Electoral Amendment Bill Update

The Public Hearing Meetings (organized by the Justice, Legal and Parliamentary Affairs Portfolio Committee) on the Electoral Amendment Bill successfully kicked off in Rushinga with the community concerned by failure by the committee to distribute a hard copy of the bill prior the meeting to enable citizens to familiarize with it before consultations.

The Rushinga community said the people in the Diaspora should be allowed to vote adding that Zimbabwe must do away with the use of voter registration slips. Rushinga meeting also expressed concern over the increased number of assisted voters arguing that some of them were literate voters. People with disabilities expressed the need to avail brail material to promote secrecy of their vote.

The Rushinga community said the bill should open up voter education to other players and the Zimbabwe Electoral Commission (ZEC) should be open to carry out its duties. The Rushinga community also called for voters to be allowed to vote anywhere in the constituency.

The community also said the bill should make voting easier and also make automatic deletion of dead voters adding that ZEC independence is supposed be strengthened by the bill.

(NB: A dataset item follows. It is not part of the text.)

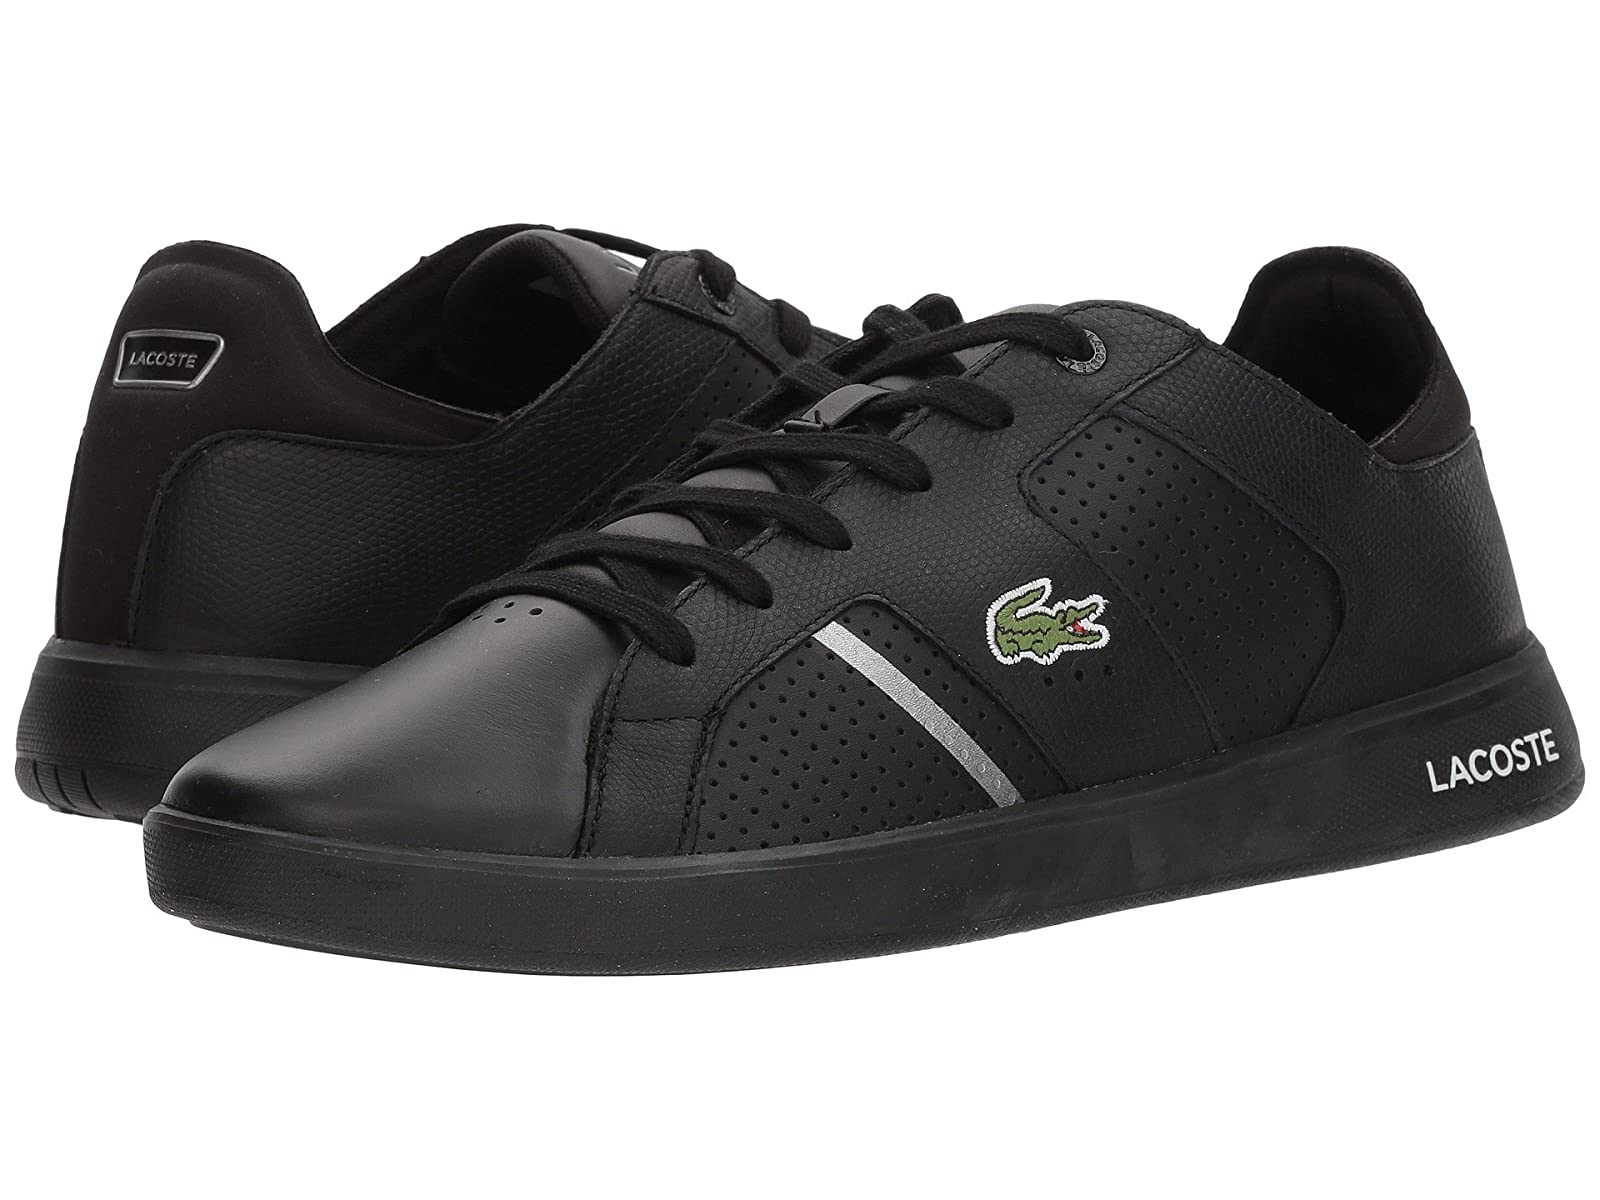 Lacoste Novas CT 118 2Atmospheric grades have affordable shoes
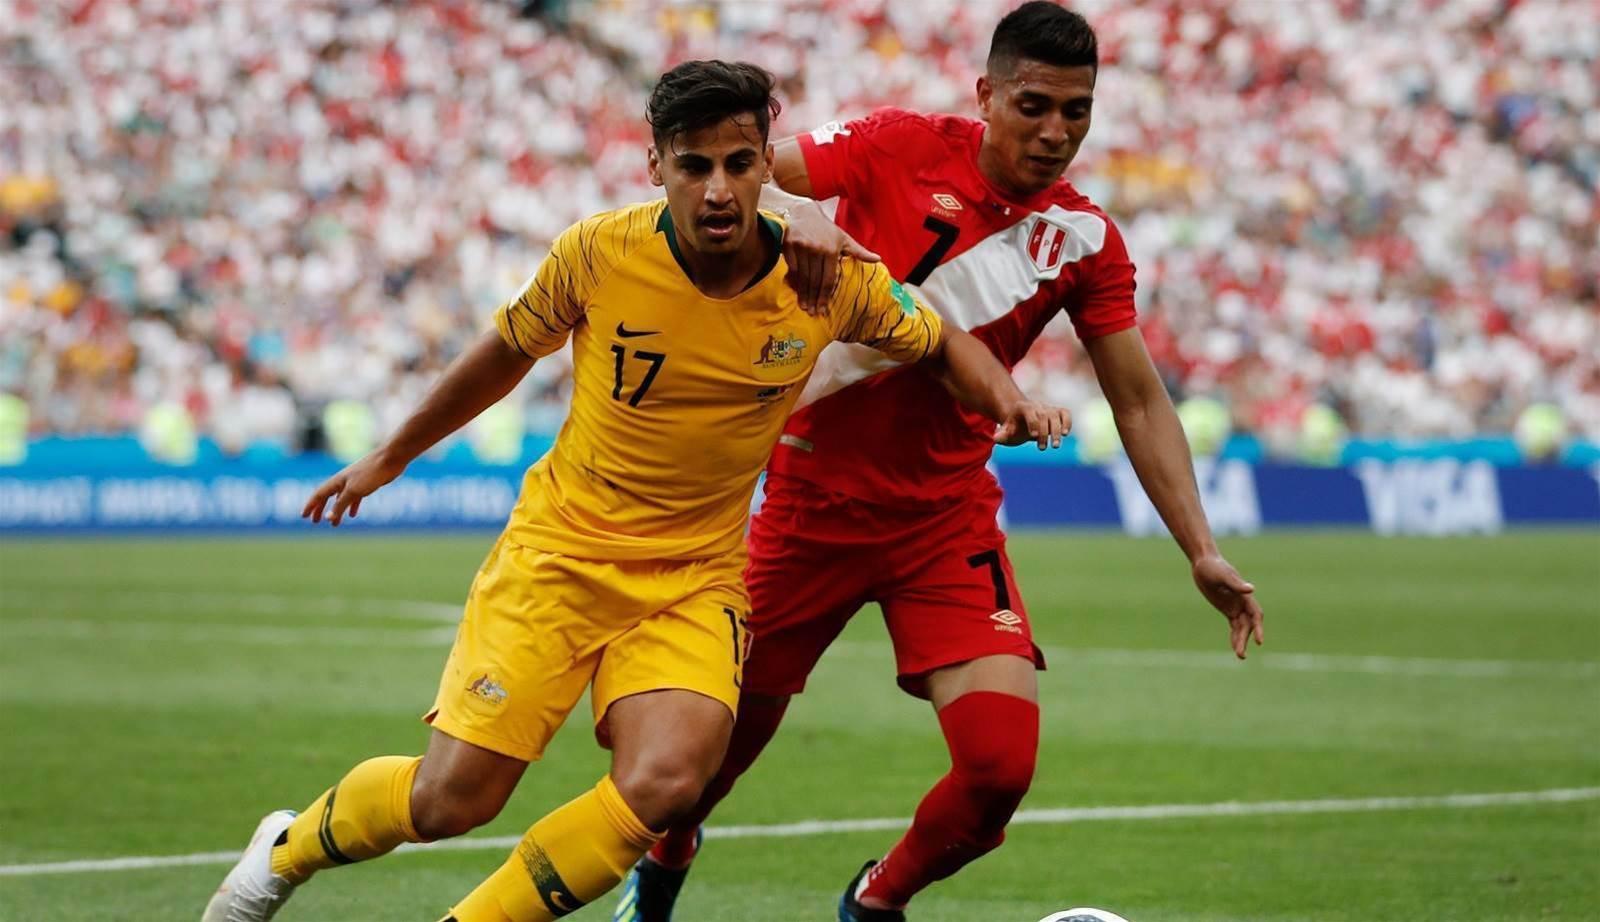 Sports science guru: Arzani can come back stronger

Rushinga said the representation of special interest in the legislature should be expanded adding that special voting should be expanded to people with disability, the elderly and pregnant women.

The community said traditional leaders should not be involved in Elections adding that adding that assisted voters should not be assisted by polling officials but by those that they want. Furthermore the meeting said that fair coverage of political parties should be given by state media.

The community said presidential results should be announced within three days adding that voters pretending to be illiterate on polling day asking for assistance should be arrested.

Police should be allowed in polling stations to ensure that there is no crime committed in the polling station and voter education is supposed to be expanded into the bill as a continuous process.

The community was also concerned if the Bill also covers the conduct of primary elections within political parties in Zimbabwe.

Rushinga said the bill should guarantee the arrest and disqualification of candidates perpetrating political violence adding that government is supposed to invest in civic and voter education.

The Rushinga community said prisoners should be allowed to vote if their sentence is below six months. Some traditional leaders were concerned that in as much as people are free to air their views, some of the expressed views bordered on selling out the liberation.

The Election Resource Centre observed that the house was clearly divided along perceived political positions on electoral practice and this is likely to be reflected throughout the hearing process.